Why the details matter:

  • Filter order is a performance decision. f_redirect is a 9-character prefix check; f_language costs ~1–2 ms per call. Because the chain short-circuits on the first rejection, ordering cheapest-first means langdetect only ever runs on documents that already look like decent English prose — cutting its call count by roughly a third and its total runtime by hours.
  • DetectorFactory.seed = 0 — langdetect samples internally and gives different answers on different runs without this line. A non-deterministic cleaning pipeline means a non-reproducible corpus, which means a non-reproducible model. Pin it.
  • The 3-pass template loop. {cite {{nested} }} — the regex can’t match nested braces in one pass, so we run it three times. After three passes, remaining nesting is vanishingly rare and gets caught by the alpha-ratio filter anyway.
  • Counters as reasons, not booleans. When the report says list_page 412,338 (5.9%), you can sample rejected titles and eyeball whether the rule is behaving. A pipeline that just says “kept 74%” gives you nothing to debug.
  • ensure_ascii=False keeps UTF-8 as UTF-8. Without it, every “é” becomes \u00e9 — 6 bytes instead of 2, bloating shards ~10% and giving your Lesson-4 tokenizer a distorted view of the byte distribution.

Running the quality gate

Cleaning is pure CPU — no GPU needed. You have two equally good options: run it free on your own machine if you have the disk, or run it on the same vast.ai box you’ll use for pretraining (rent it a few hours early; the GPU idles while the CPU works). For the rented route, pick an instance with plenty of CPU RAM now, because dedup (next section) wants ~20 GB of it:

# Find a 4090 box with >= 64 GB RAM and >= 200 GB disk, cheapest first
vastai search offers 'gpu_name=RTX_4090 cpu_ram>=64 disk_space>=200 rentable=true' -o 'dph'

vastai create instance <OFFER_ID> \
  --image pytorch/pytorch:2.4.0-cuda12.4-cudnn9-runtime \
  --disk 200 --ssh

vastai show instances            # grab HOST and PORT
ssh -p <PORT> root@<HOST>

# Push the repo and the extracted data up
rsync -avz -e "ssh -p <PORT>" --exclude data/raw wikillm/ root@<HOST>:/workspace/wikillm/

# Long-running job => tmux, always. SSH drops; tmux survives.
tmux new -s clean
cd /workspace/wikillm && pip install -r requirements.txt
python src/clean.py 2> clean.log
# Ctrl-b d to detach; `tmux attach -t clean` to come back

Expect 2–3 hours for ~6.9M articles single-process (langdetect dominates). A typical report looks like this:

=== clean.py report ===
  total                     6,912,441  (100.00%)
  kept                      5,081,207  ( 73.51%)
  too_short                 1,204,882  ( 17.43%)
  list_page                   347,516  (  5.03%)
  disambiguation              191,304  (  2.77%)
  low_alpha_ratio              41,207  (  0.60%)
  not_english                  24,118  (  0.35%)
  no_stopwords                 12,433  (  0.18%)
  bad_mean_word_len             5,912  (  0.09%)
  high_symbol_ratio             2,801  (  0.04%)
  redirect                      1,061  (  0.02%)
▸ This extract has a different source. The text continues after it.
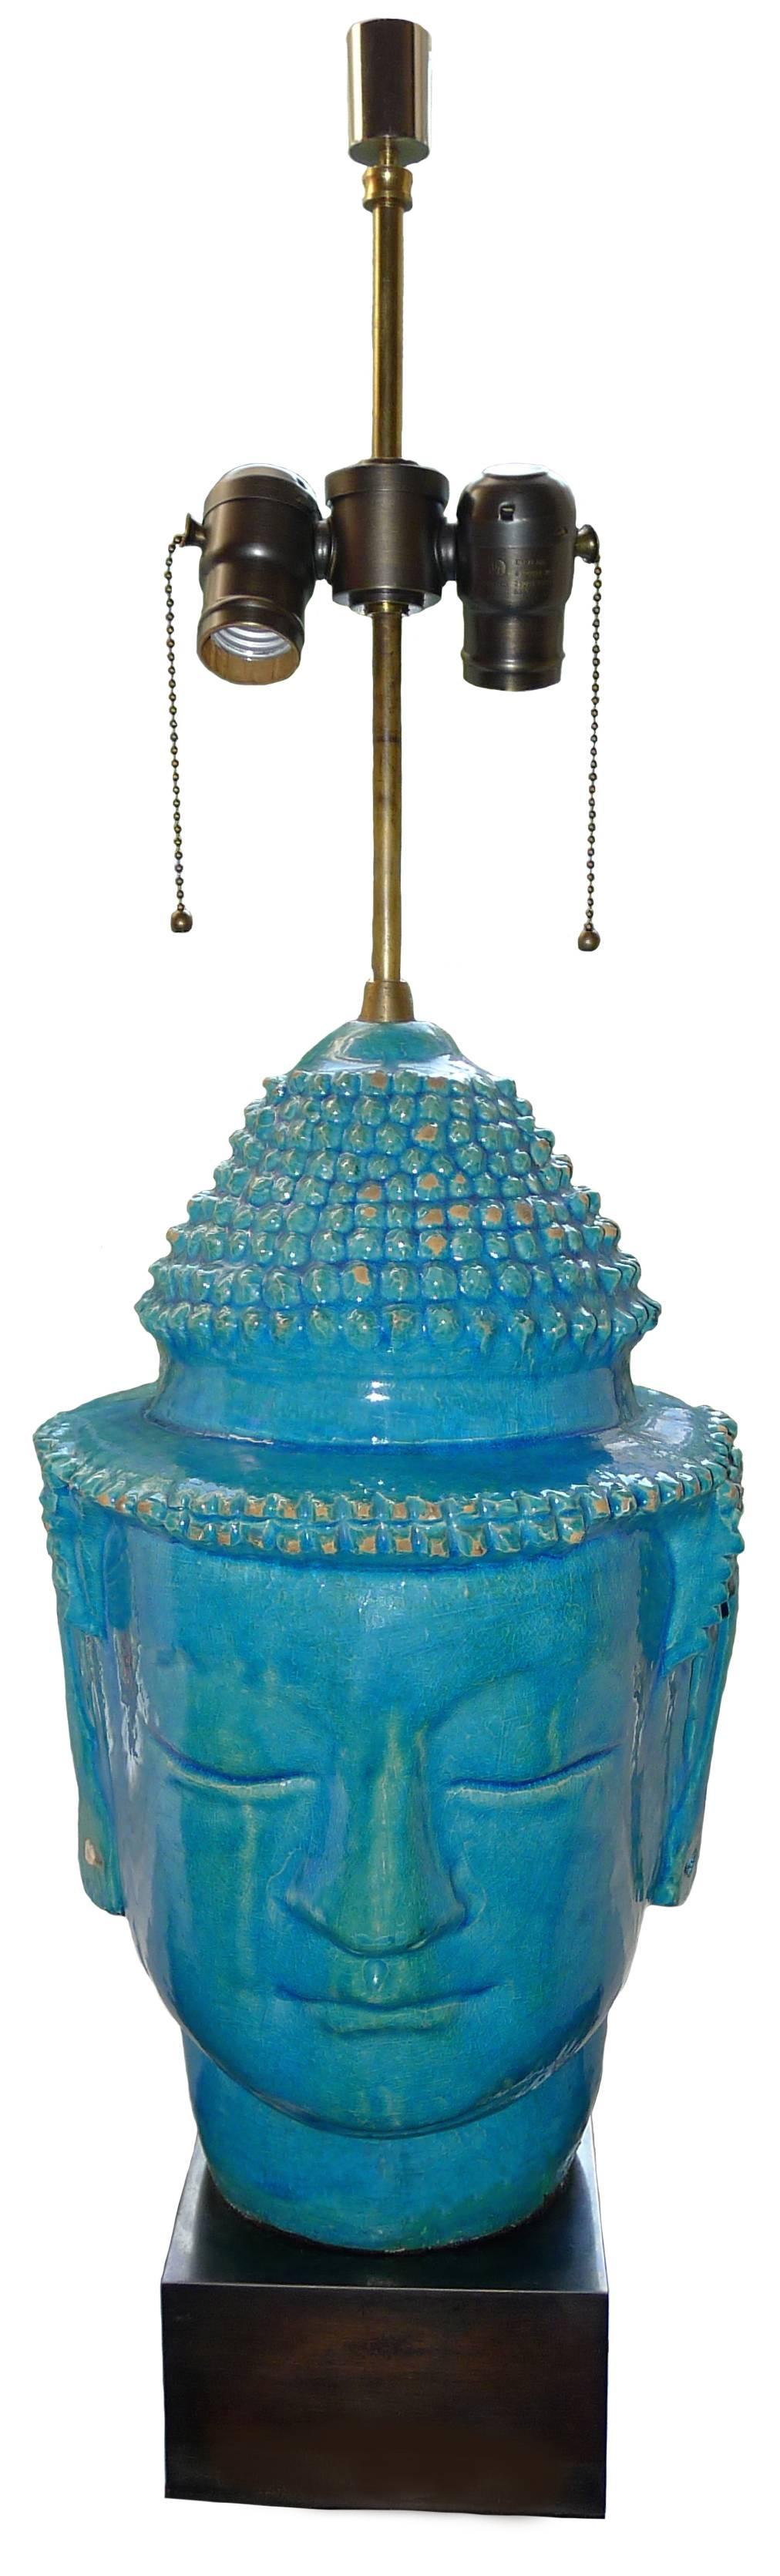 Large turquoise crackle-glazed terra cotta Buddha lamp. Newly refitted on a pewter metal base. Newly rewired. Takes two standard bulbs. Lampshade not included.

Read this table like an instrument panel. too_short dominating is expected — Wikipedia is full of two-sentence stubs. redirect near zero is expected too (wikiextractor drops most of them; our filter is a backstop). If not_english were 15% instead of 0.35%, you’d know you downloaded the wrong dump. Cost so far: ~3 CPU-hours × $0.40/hr ≈ $1.20 (or $0 locally).

Deduplication, stage 1 and stage 2: the theory

Stage 1 — exact. Normalize the text (lowercase, strip punctuation, collapse whitespace) and take a SHA-1 hash. Two documents with the same hash are byte-identical after normalization — drop the second. This catches true copies but misses the sneakier and far more common case: two documents that are 95% identical (same article scraped into two pages, boilerplate paragraphs with one name swapped).

Stage 2 — near-duplicate. The measure of “how similar” is Jaccard similarity on word 5-gram shingles: chop each document into overlapping 5-word windows, treat the document as the set of its windows, and compute

\[J(A, B) = \frac{|A \cap B|}{|A \cup B|}\]

Comparing all pairs is \(O(n^2)\) — 5 million docs means 12.5 trillion comparisons. Dead on arrival. MinHash fixes the per-pair cost: hash every shingle with \(k = 128\) different hash functions and keep only the minimum value under each. The magic property: for one hash function, \(P(\min_h(A) = \min_h(B)) = J(A, B)\) exactly. So the fraction of matching positions across the 128-slot signature is an unbiased estimate of Jaccard similarity — and each document is now a fixed 128-integer fingerprint regardless of length.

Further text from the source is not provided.